EXERCISE GOAL.
Please retype the listing exactly as it appears, skipping each picture.
SUPPLIED INFORMATION Start Marker
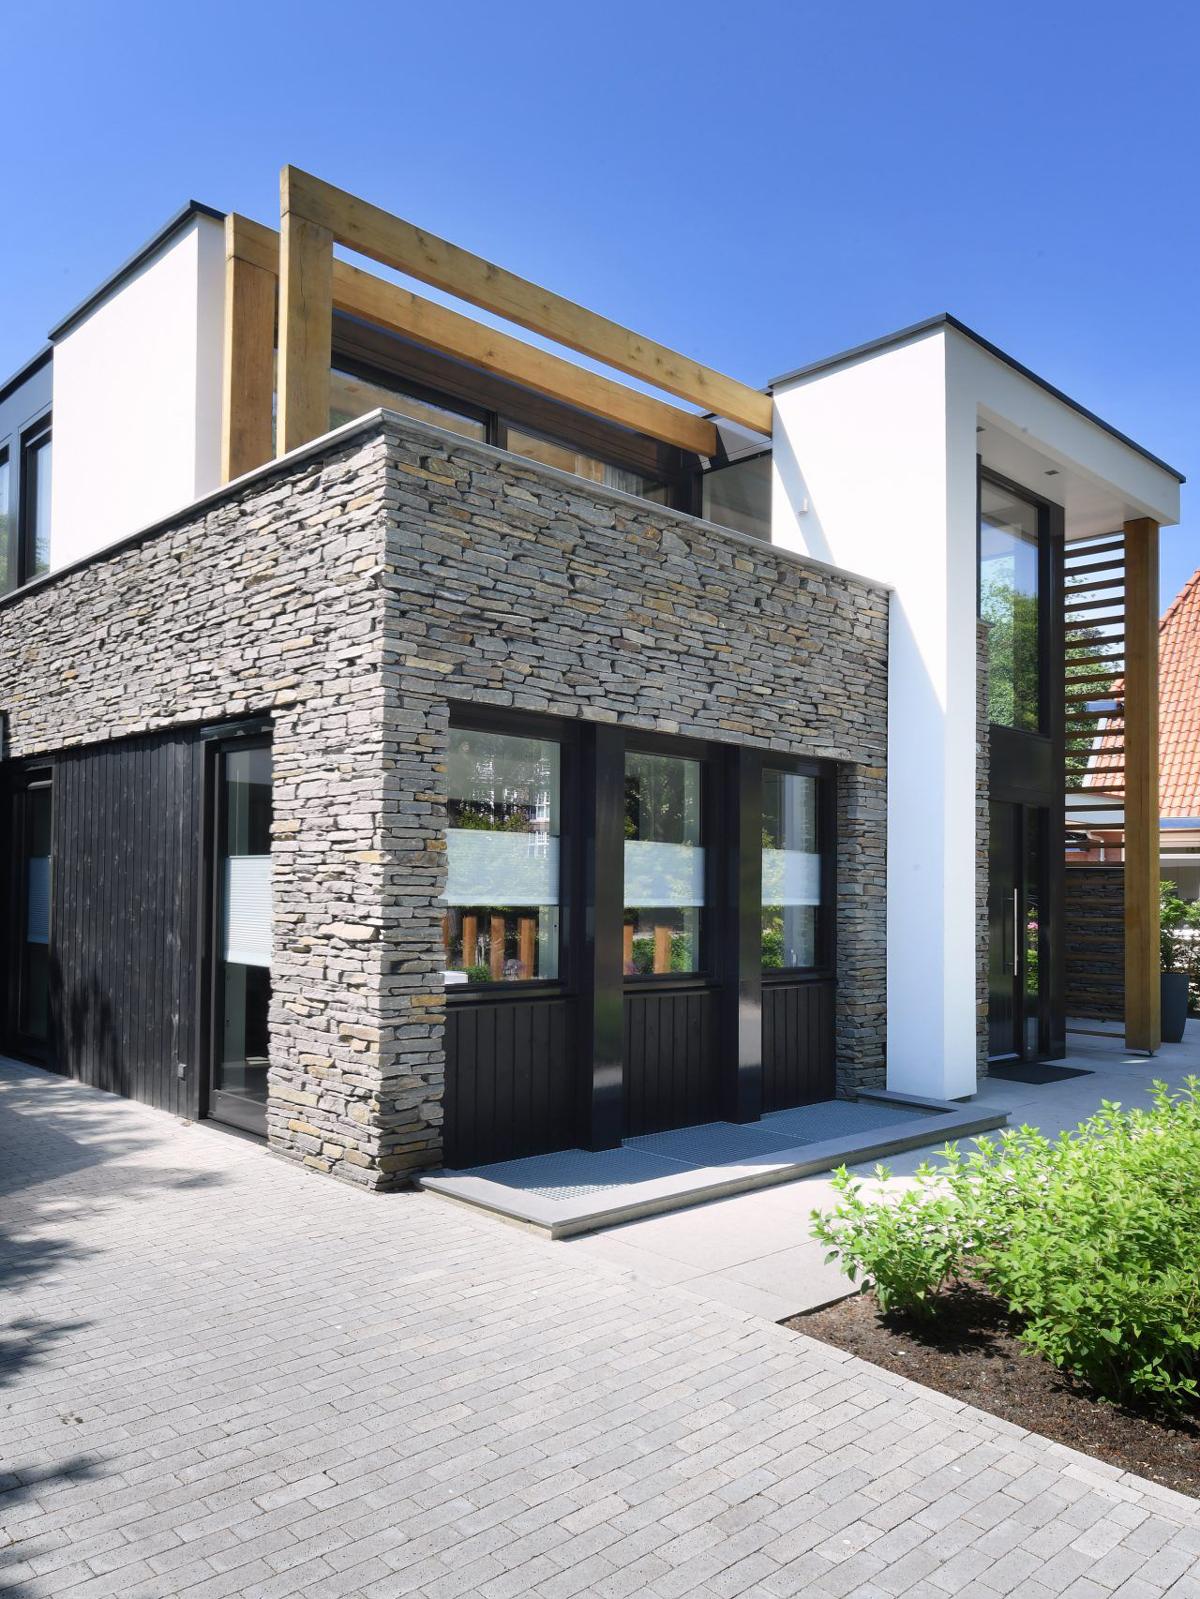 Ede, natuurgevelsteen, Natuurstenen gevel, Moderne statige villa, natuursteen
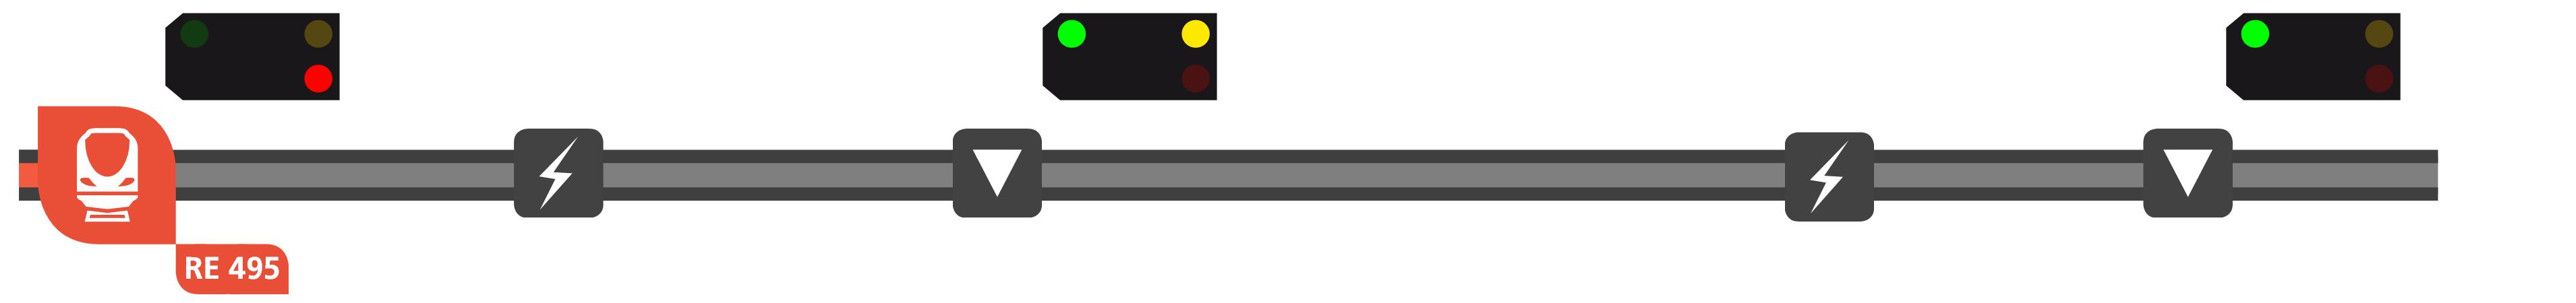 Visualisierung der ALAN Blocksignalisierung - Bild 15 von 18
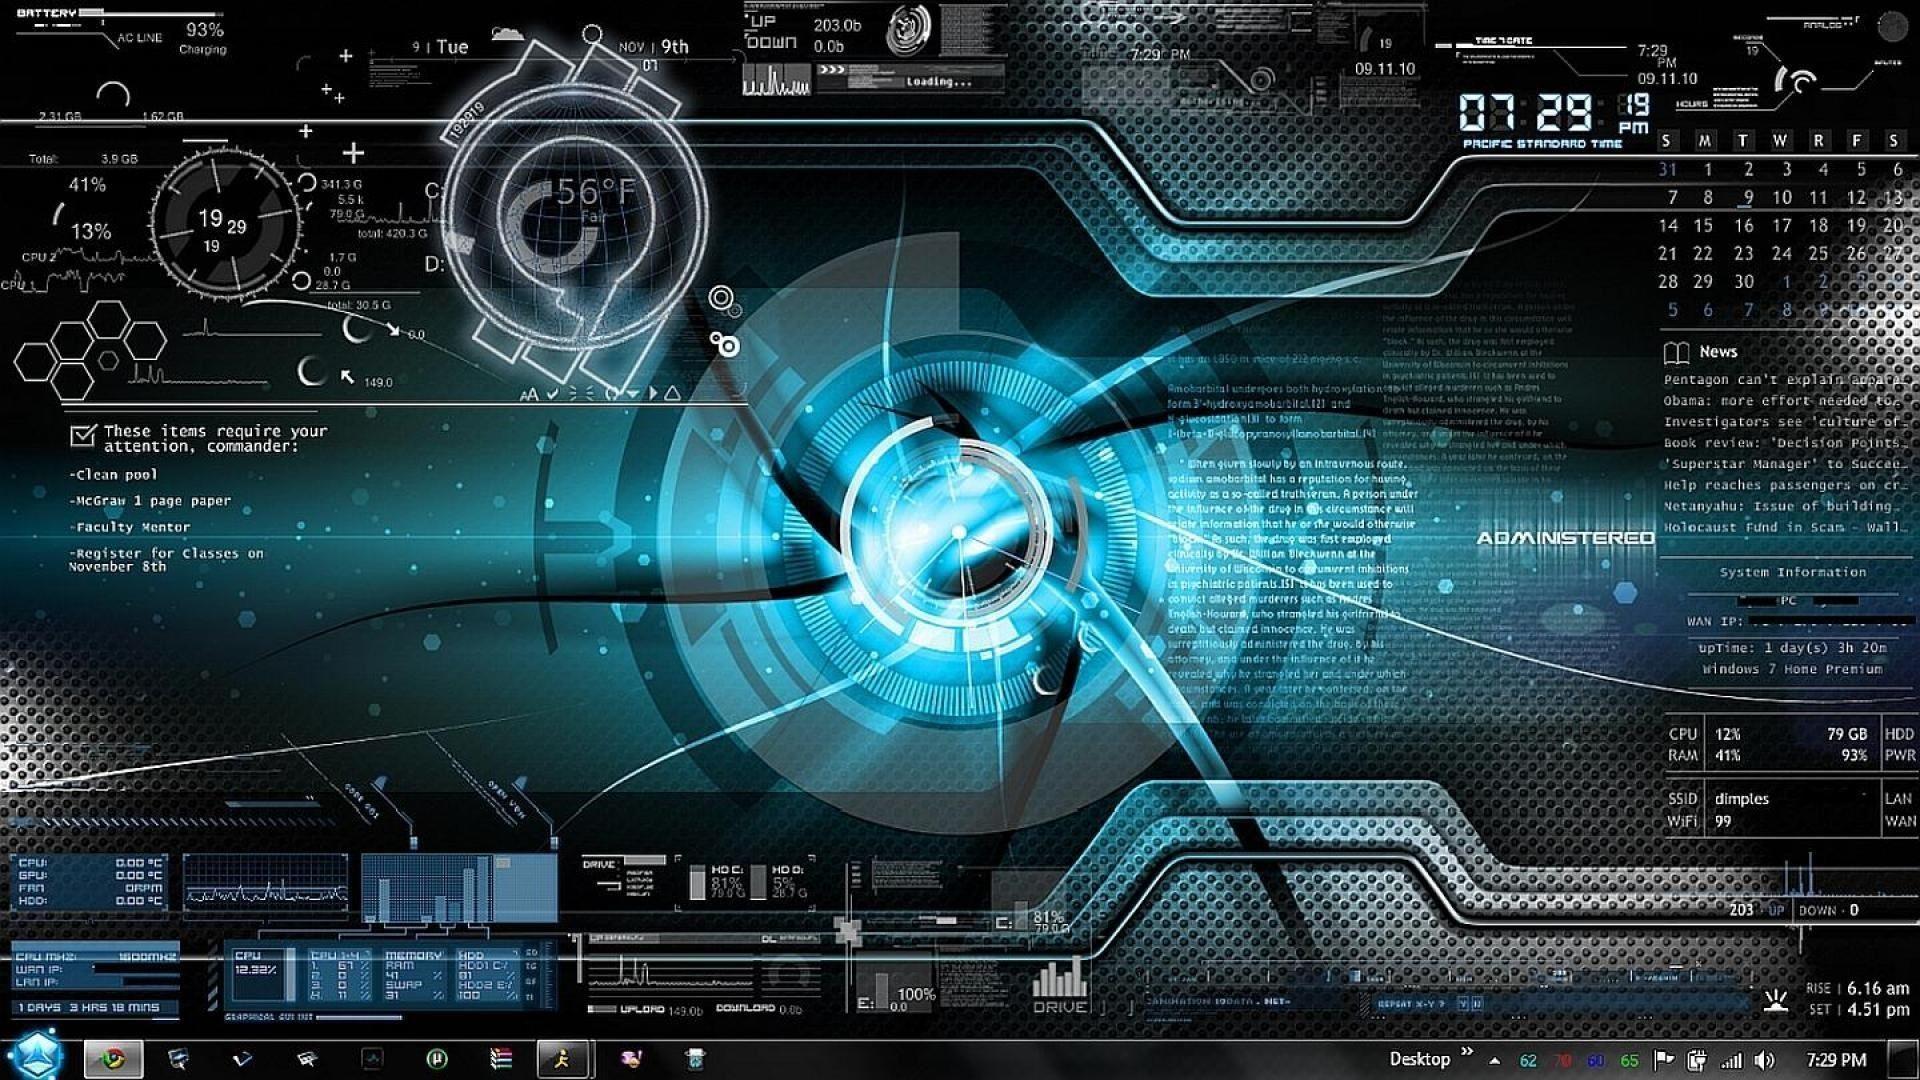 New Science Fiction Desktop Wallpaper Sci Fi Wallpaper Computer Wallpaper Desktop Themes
SUPPLIED INFORMATION End Marker
EXERCISE SOLUTION.
 Ede, natuurgevelsteen, Natuurstenen gevel, Moderne statige villa, natuursteen
 Visualisierung der ALAN Blocksignalisierung - Bild 15 von 18
 New Science Fiction Desktop Wallpaper Sci Fi Wallpaper Computer Wallpaper Desktop Themes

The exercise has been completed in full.